▸ **Data segment**
◆ ◆ ◆ ◆ ◆

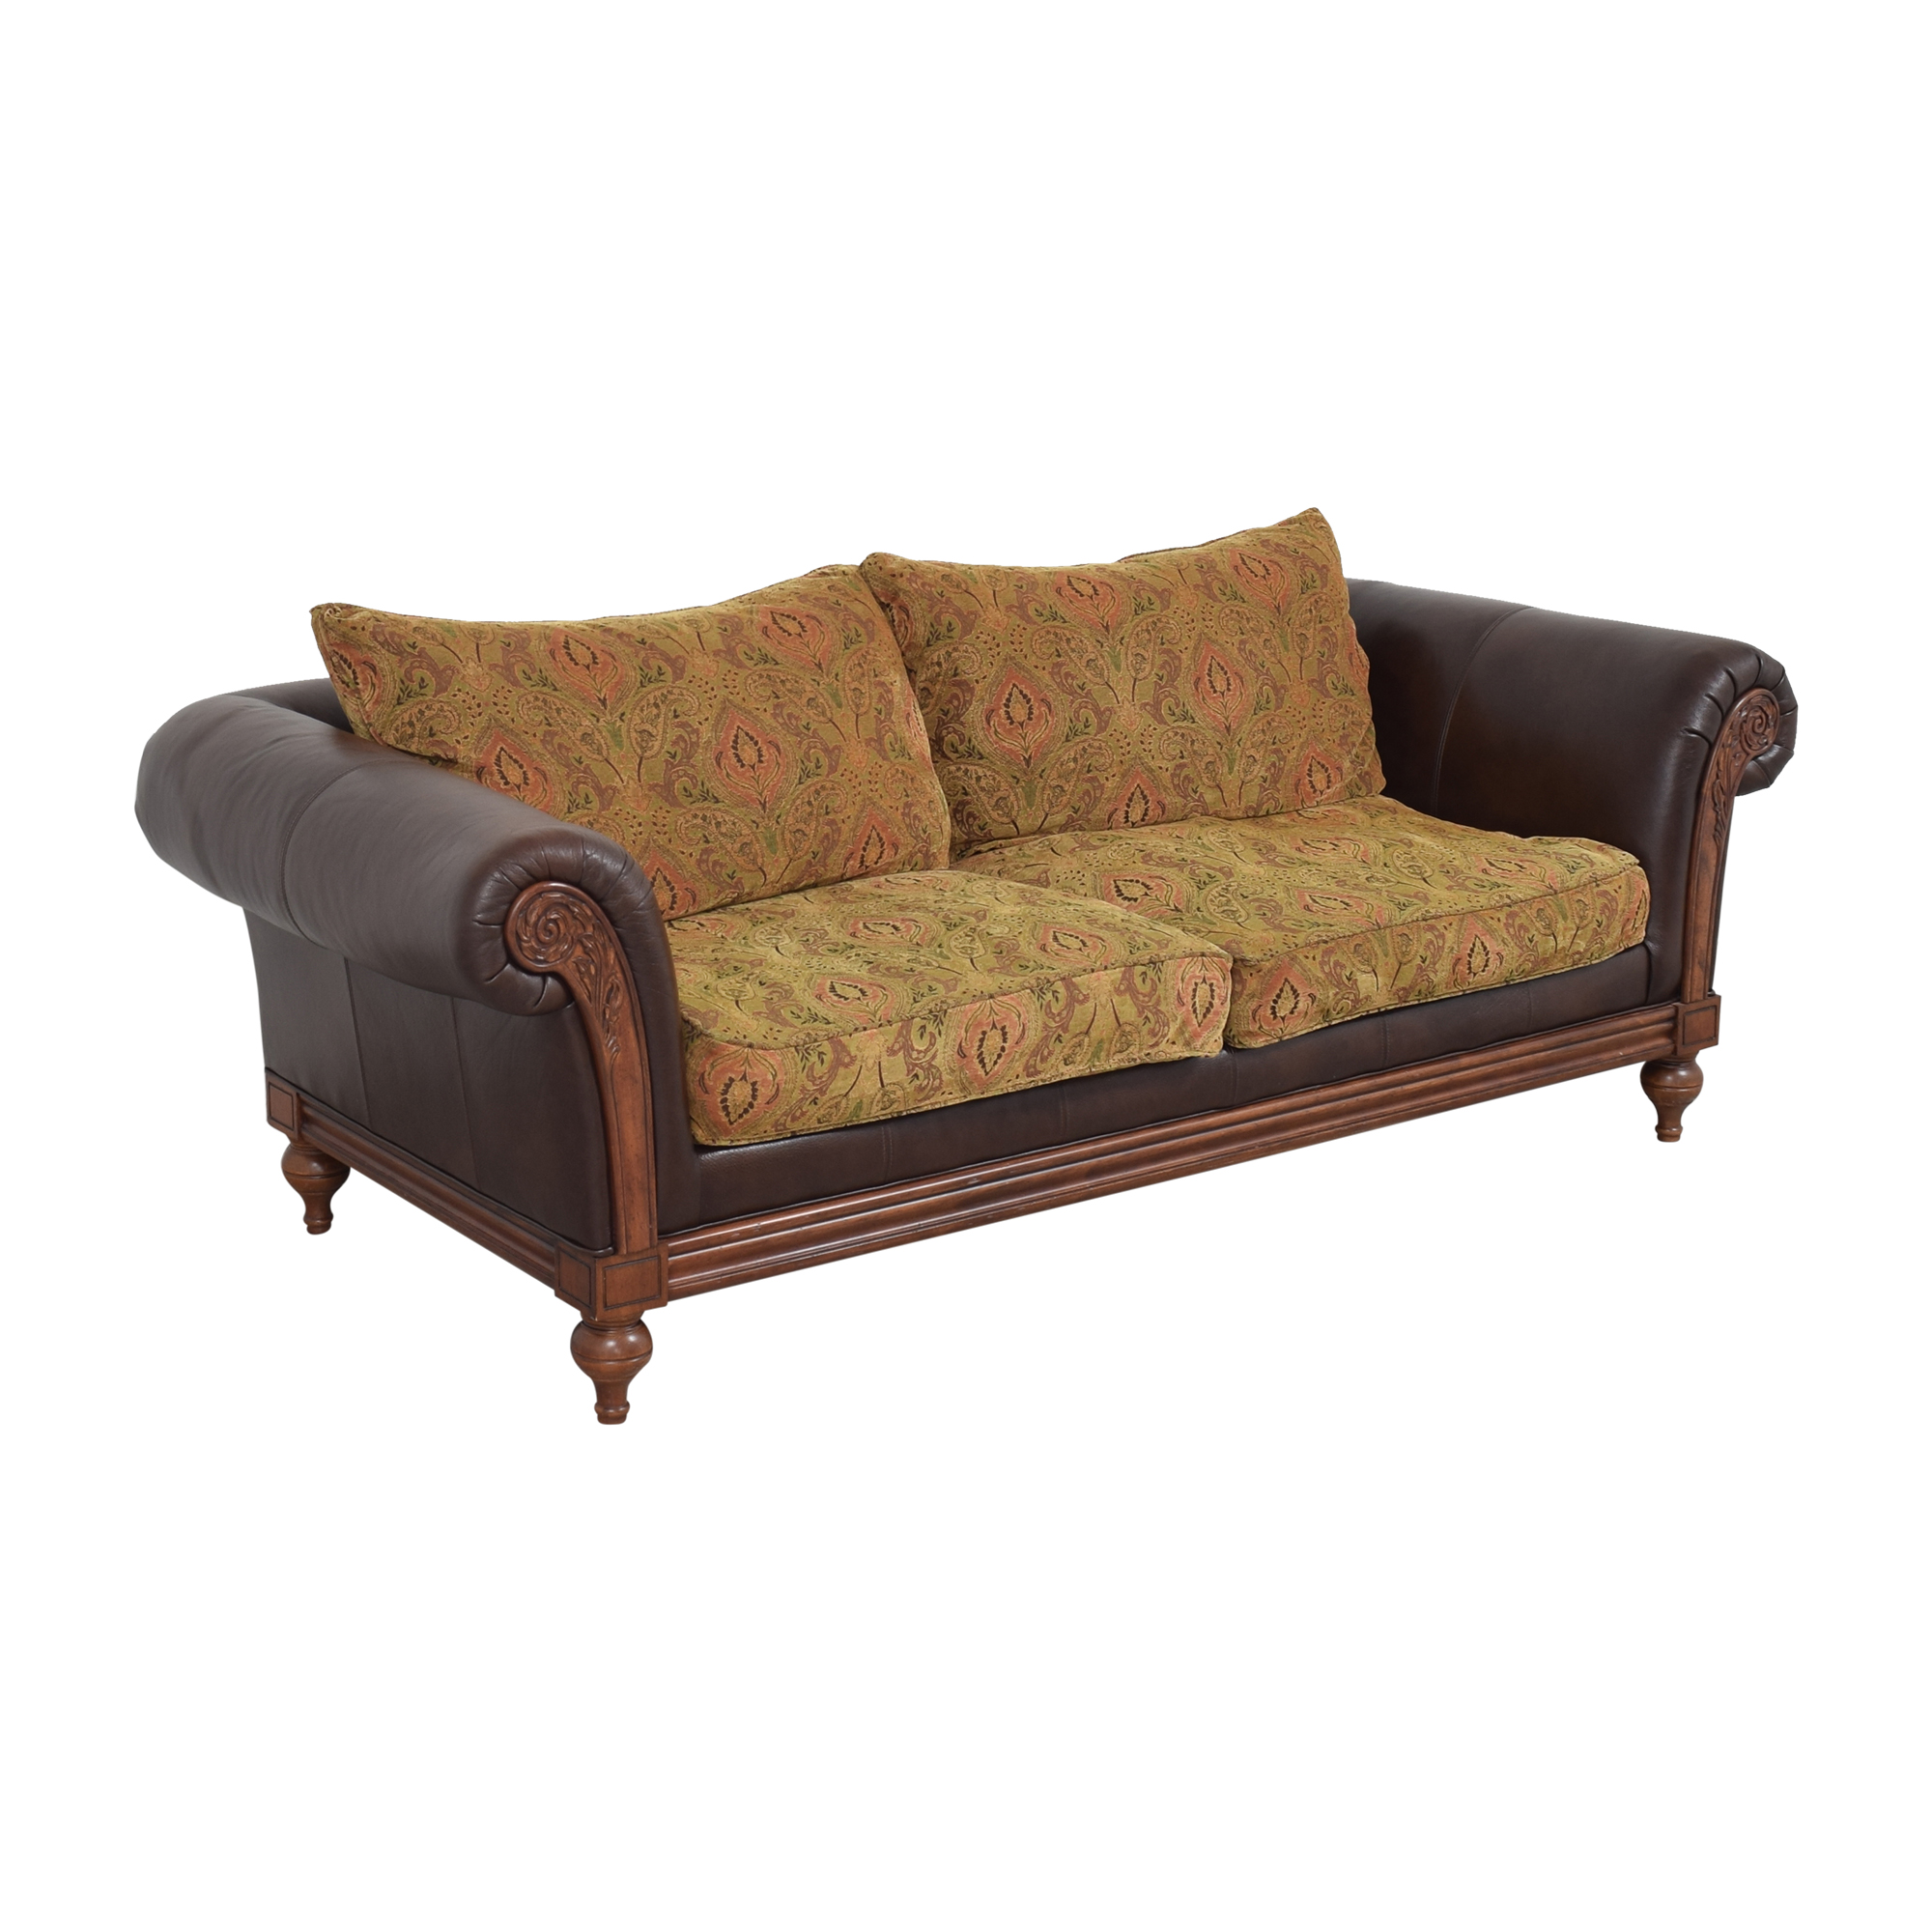 Ethan Allen Ethan Allen Pratt Sofa discount
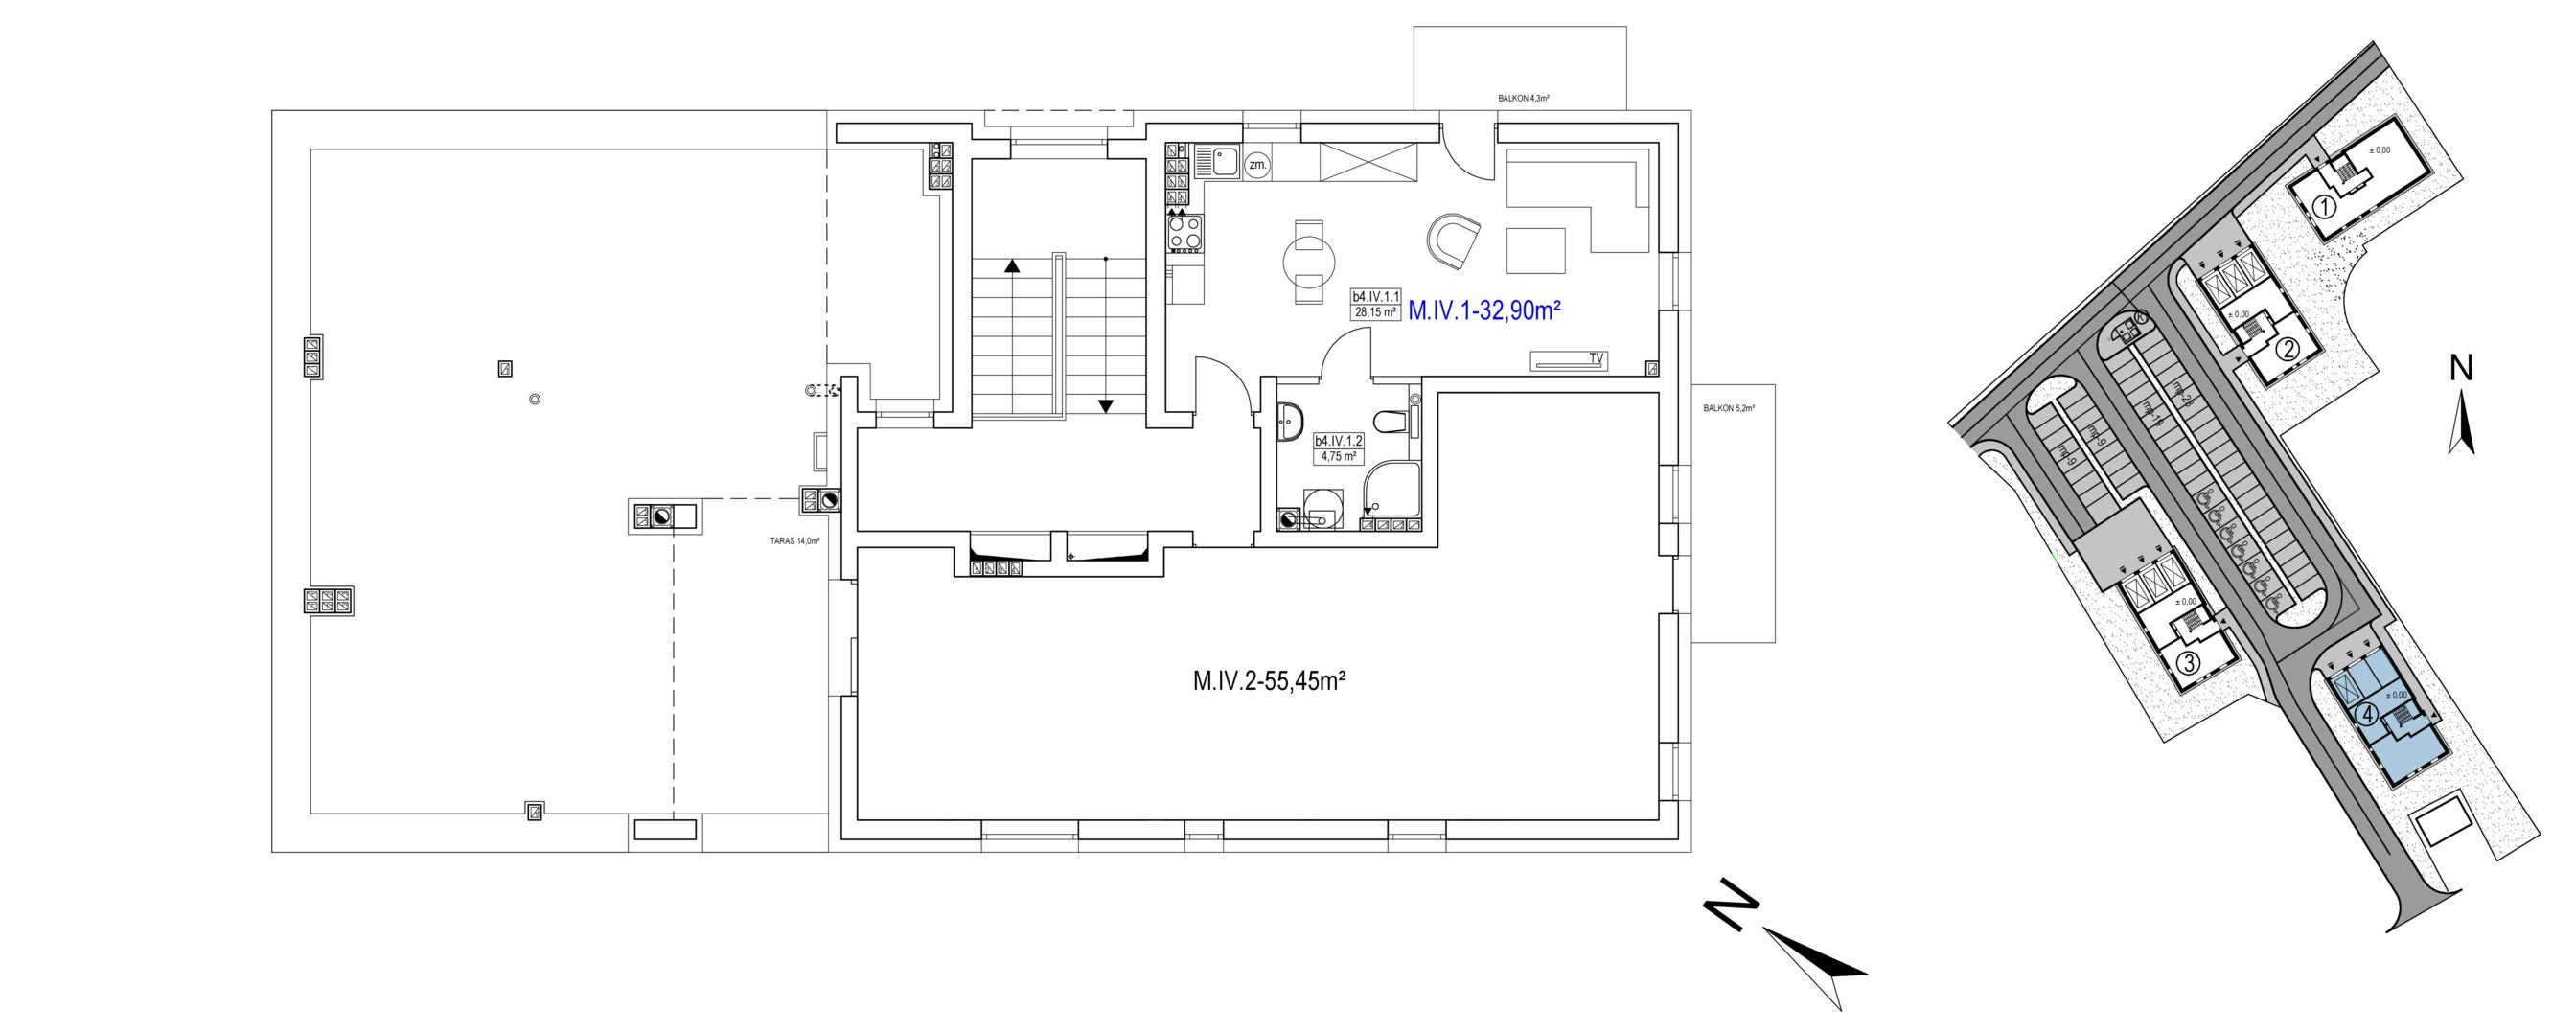 /assets/img/flats/B4.M.IV.1.jpg
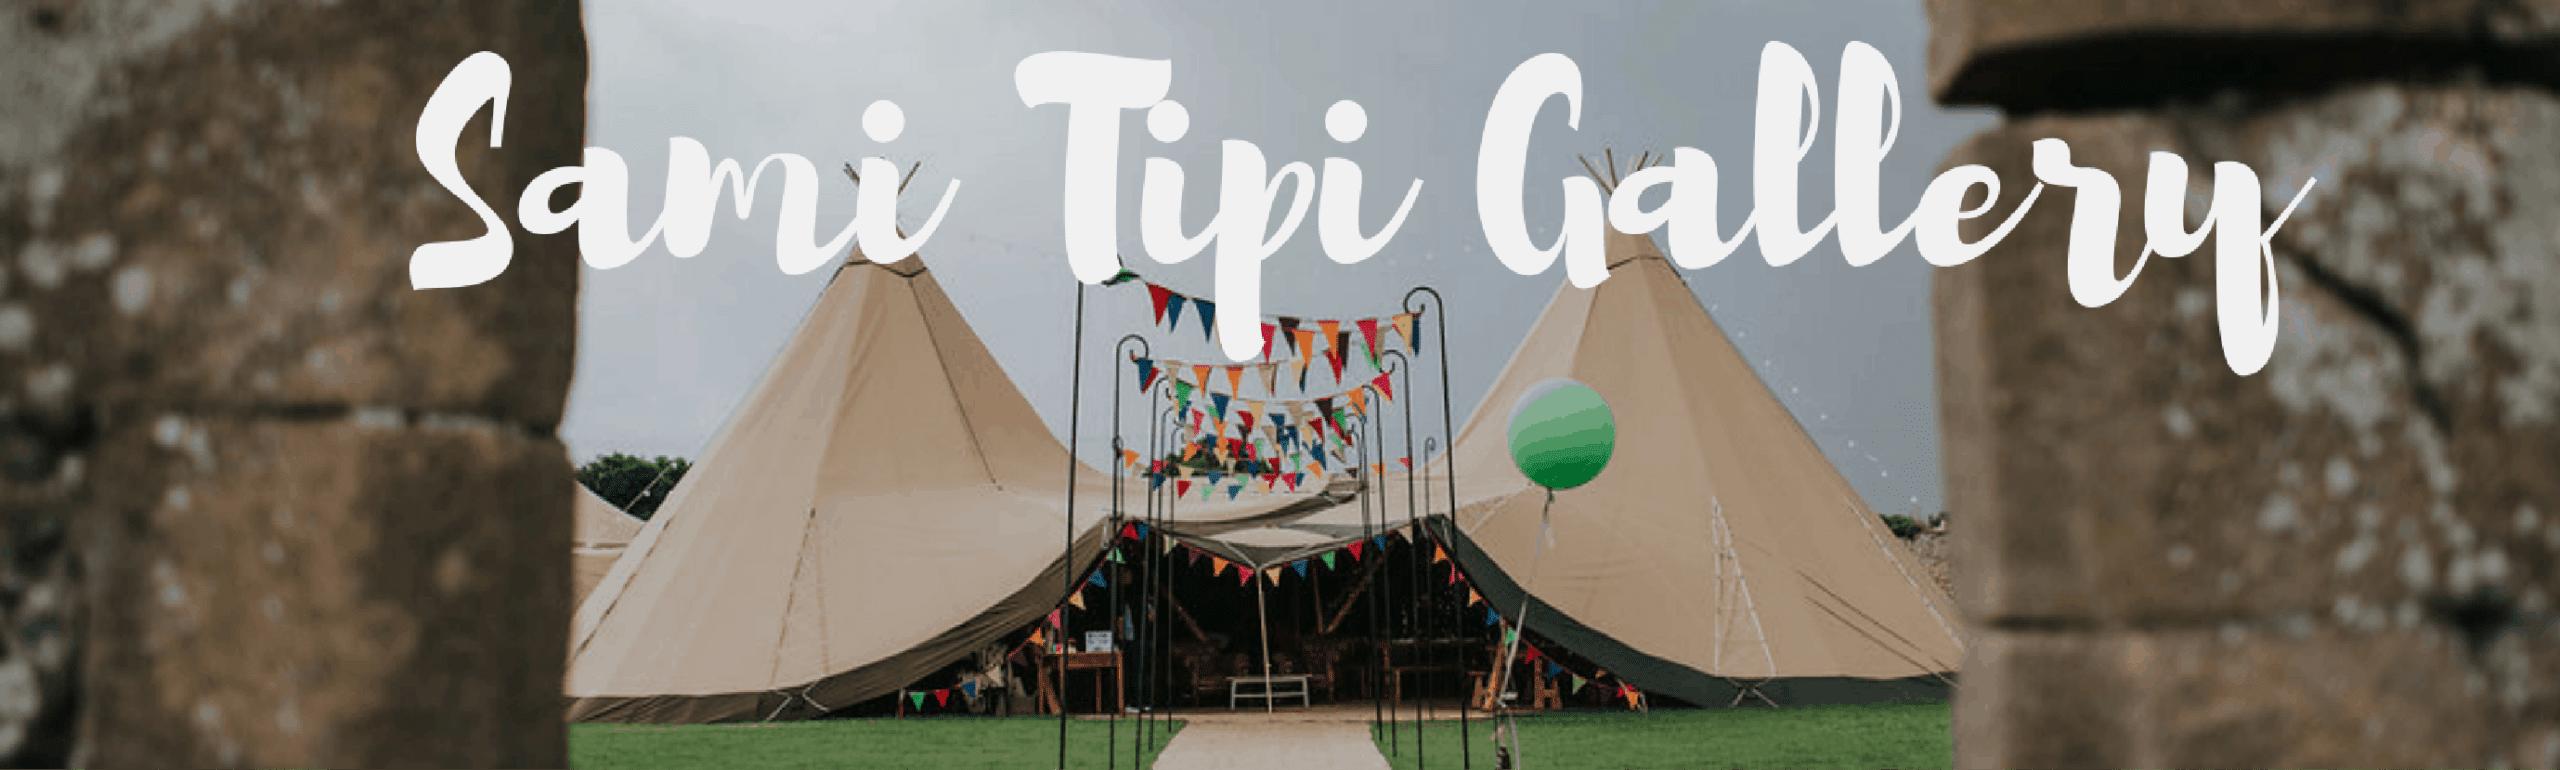 Sami Tipi Event Gallery - a place for inspiration

◆ ◆ ◆ ◆ ◆

▸ **Directions**
Every line above must appear in the answer unchanged, and no picture may appear in it.

▸ **Exercise result**
 Ethan Allen Ethan Allen Pratt Sofa discount
 /assets/img/flats/B4.M.IV.1.jpg
 Sami Tipi Event Gallery - a place for inspiration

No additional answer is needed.